DESCRIPTION OF THE TASK: Look in the listing below for the line that has "An Italian raised", then return it and each following line up to and including the one with "NETHERLANDS - CIRCA", exactly and without pictures.
INPUT RECORDS below:
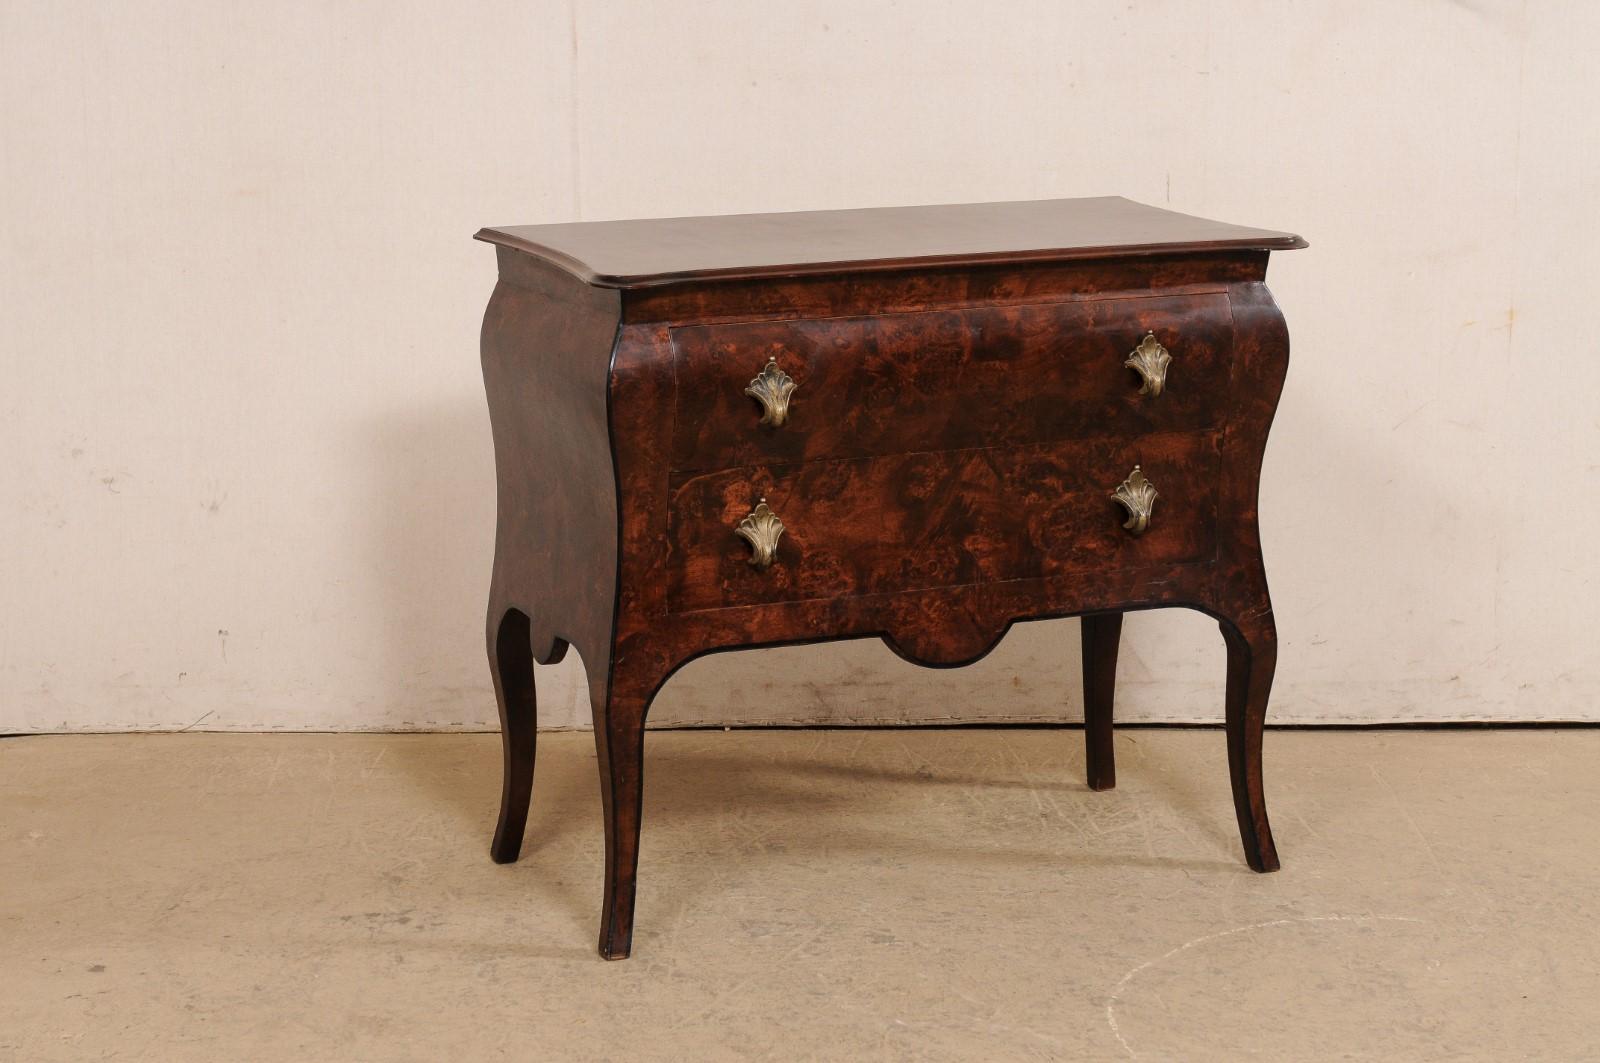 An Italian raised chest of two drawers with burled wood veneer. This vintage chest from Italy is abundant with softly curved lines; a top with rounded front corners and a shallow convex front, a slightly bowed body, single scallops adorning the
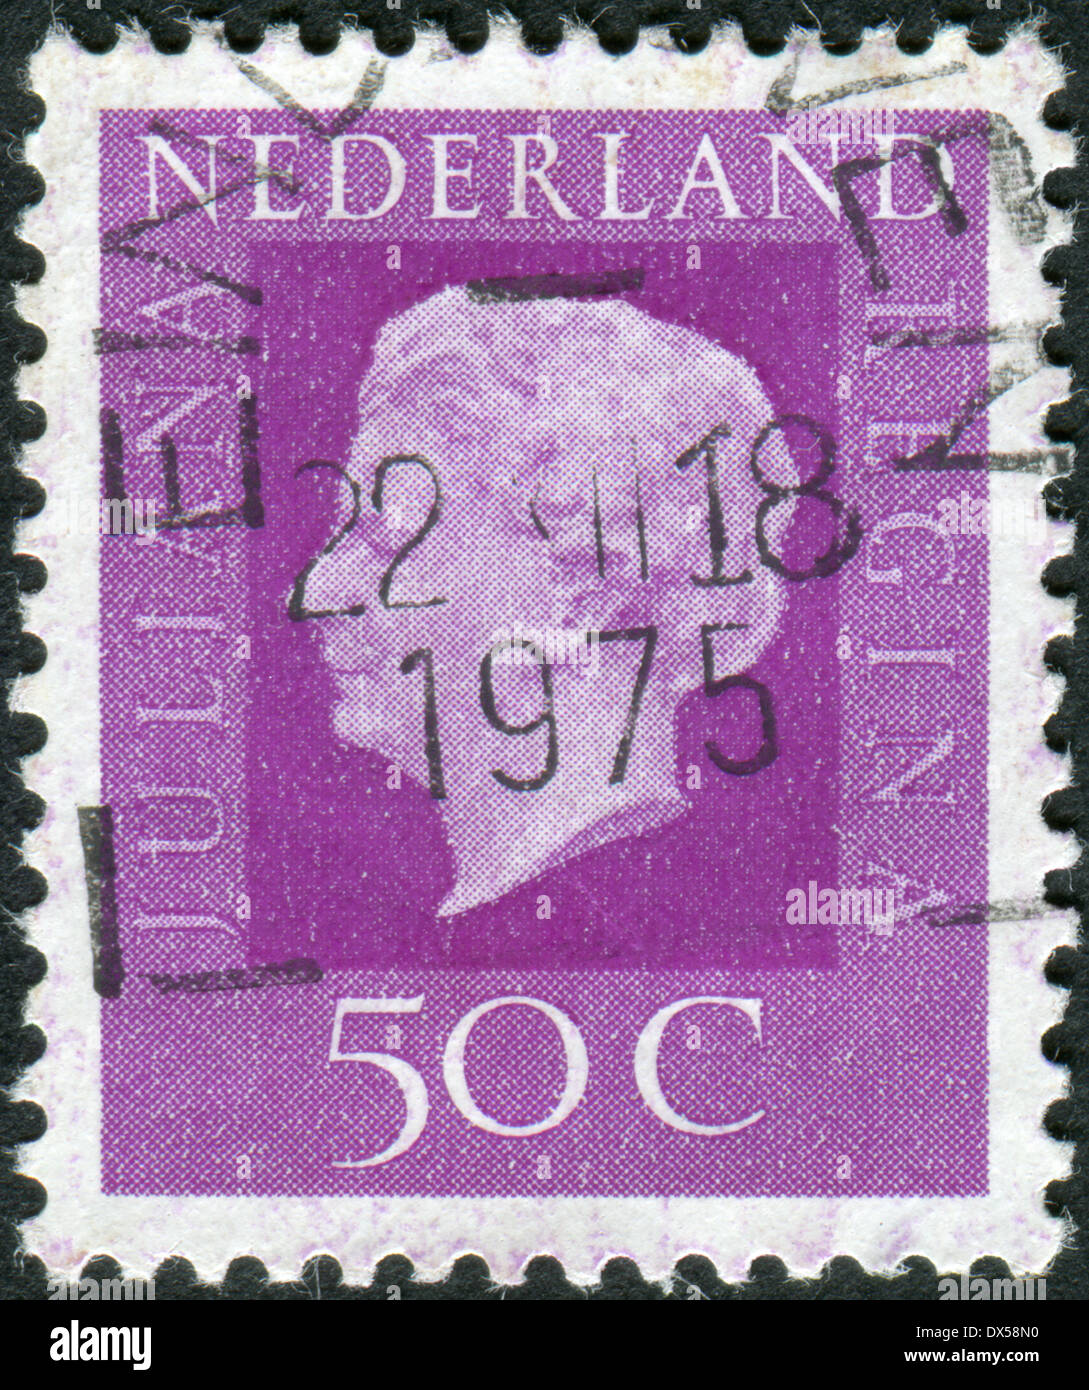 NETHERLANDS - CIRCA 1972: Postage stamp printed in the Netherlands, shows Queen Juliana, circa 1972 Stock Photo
End of INPUT RECORDS.
INPUT RECORDS below:
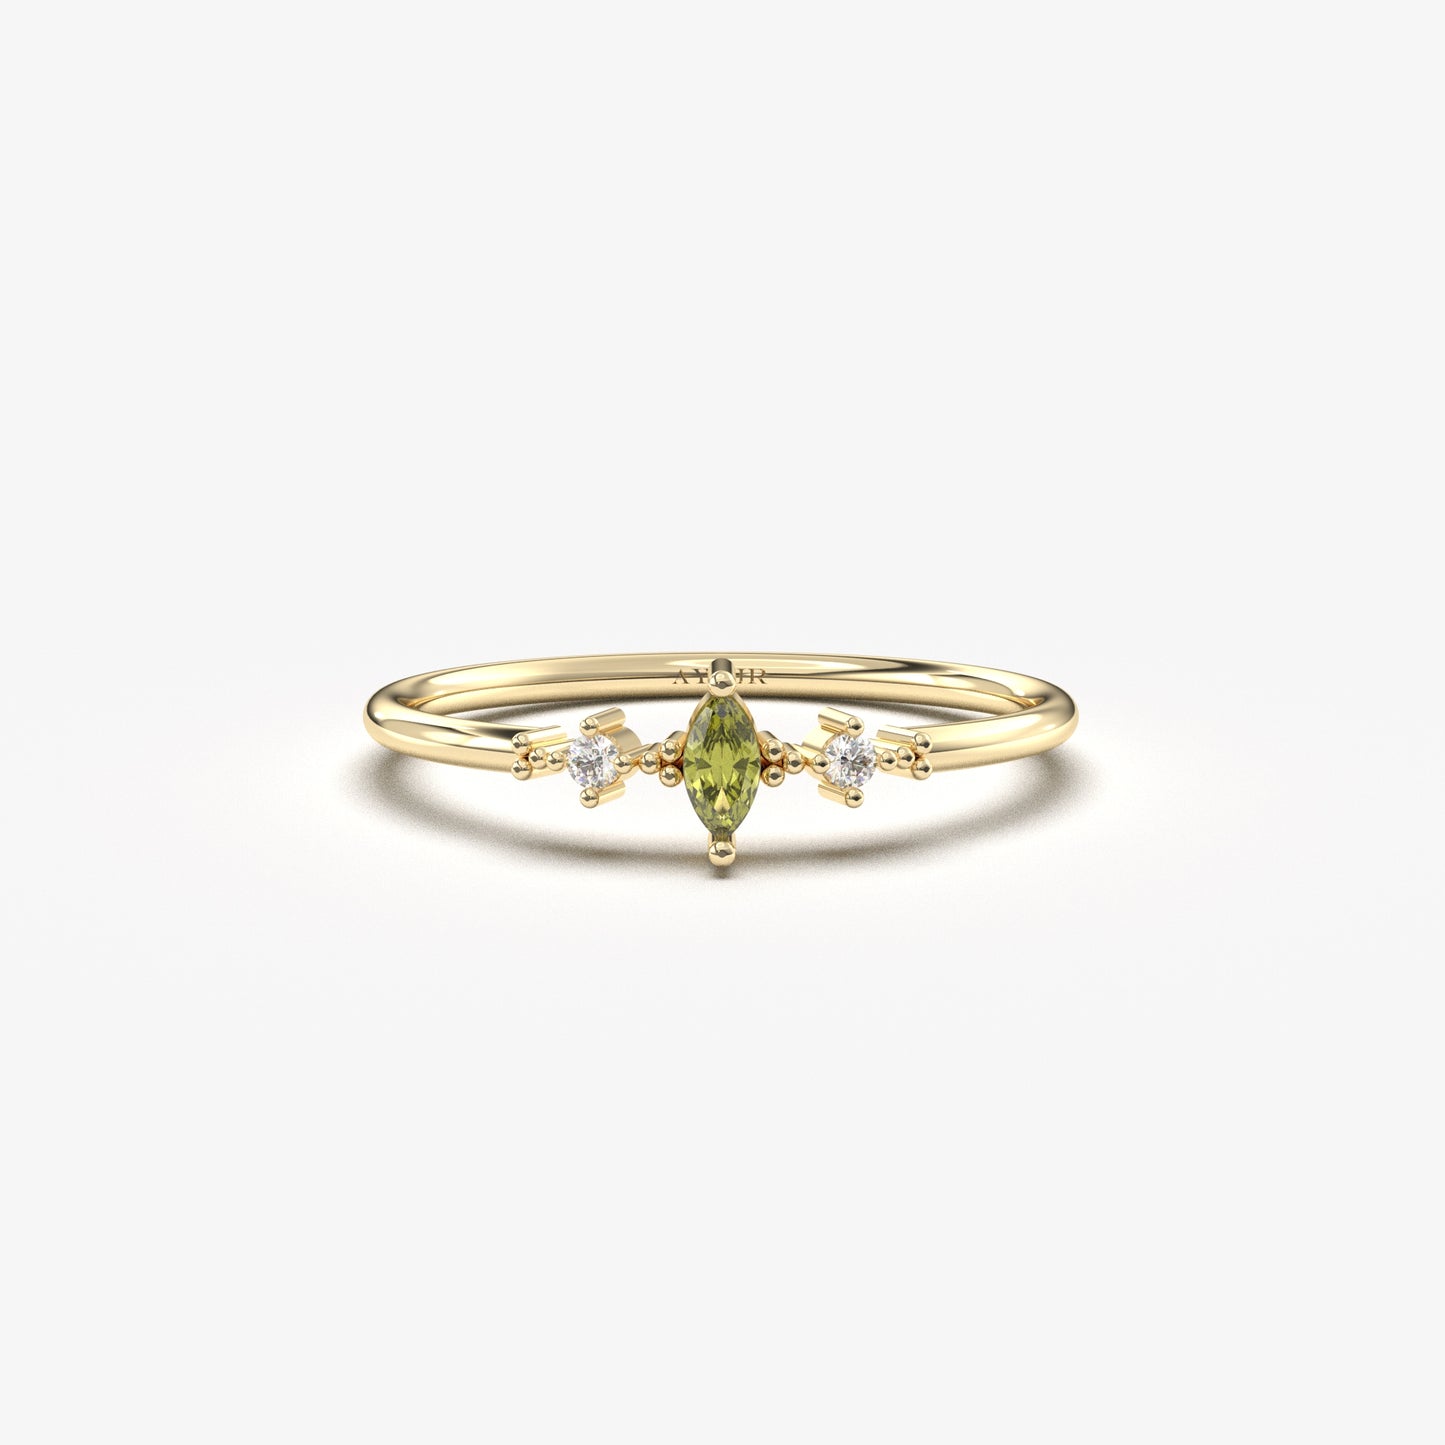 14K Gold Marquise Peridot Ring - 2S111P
End of INPUT RECORDS.
RESULT:
 An Italian raised chest of two drawers with burled wood veneer. This vintage chest from Italy is abundant with softly curved lines; a top with rounded front corners and a shallow convex front, a slightly bowed body, single scallops adorning the
 NETHERLANDS - CIRCA 1972: Postage stamp printed in the Netherlands, shows Queen Juliana, circa 1972 Stock Photo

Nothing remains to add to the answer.